By Dhirendra Tripathi
Investing.com – Didi Global ADR (NYSE:DIDI) soared by 34% in Thursday’s premarket trading after The Wall Street Journal reported that the company’s biggest backers could take it private in order to placate Chinese regulators, only weeks after angering them with an IPO in New York that they had advised against.
The regulators had responded to the listing by asking app stores like Alipay and WeChat to take the company off their platforms until a review of the company’s security framework was completed. That sent Didi's ADRs plummeting.
The ride-hailing giant had listed on the NYSE on June 30 and after briefly trading above the issue price of $14 slipped below it. It hit a low of $7.16 earlier this week before recovering somewhat.
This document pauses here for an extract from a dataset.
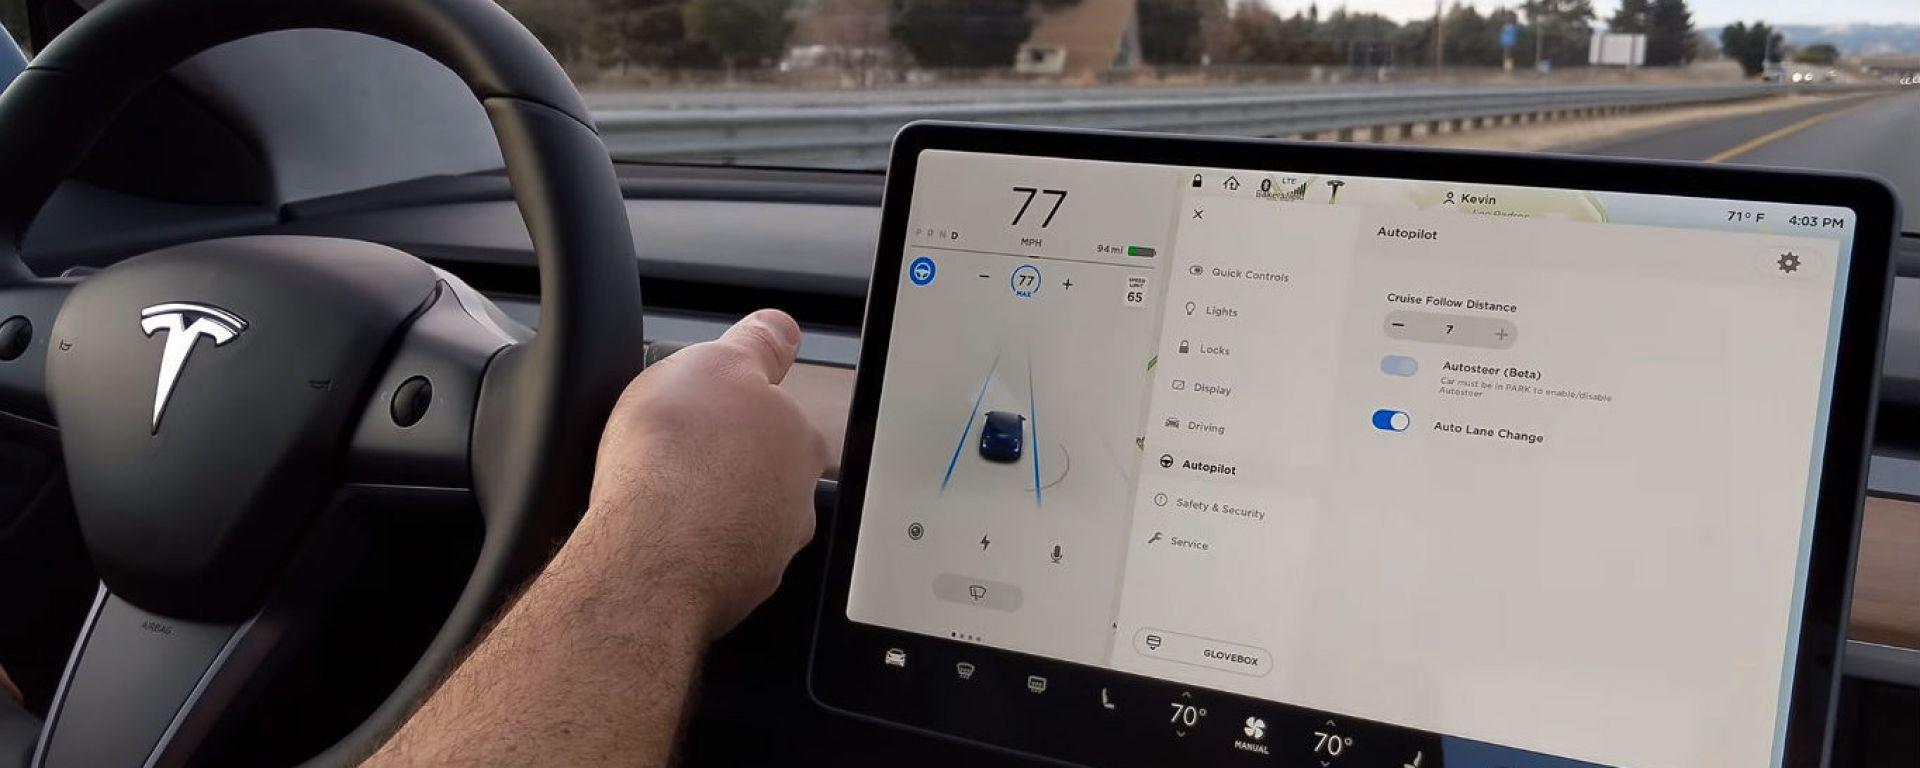 Tesla Model 3, Autopilot anche in Europa, ma in ritardo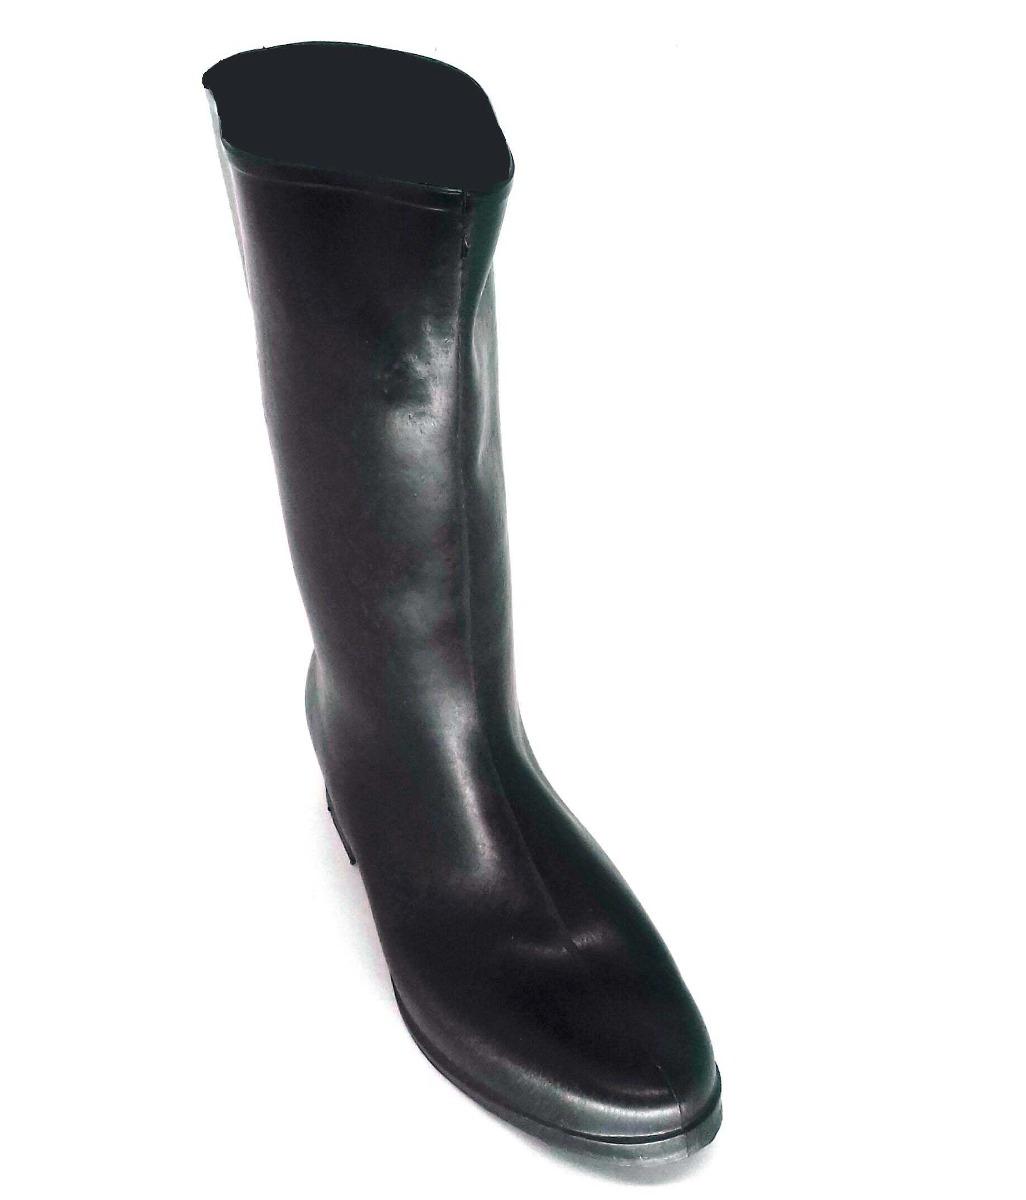 f82bd7179d bota borracha galocha chuva feminina piracapas cano longo. Carregando zoom.

A WSJ report said earlier this month that the regulator’s abrupt move was prompted by the company’s refusal to delay its initial public offering until a review of its data policies had been completed.
The report comes only hours after details emerged of a call between the Chinese Securities Regulatory Commission and a handful of major domestic and foreign banks and investment companies, including Goldman Sachs (NYSE:GS), JPMorgan (NYSE:JPM) and Blackrock (NYSE:BLK). Various reports suggested that the CSRC had tried to calm investors' fears about the safety of their investments, after a recent onslaught against the Educational Technology sector triggered panic selling across the broader market.
The premarket move in Didi's ADRs implies that its backers would be willing to compensate U.S. investors who bought into the IPO more or less in full. The IPO had been priced at $14 per ADR.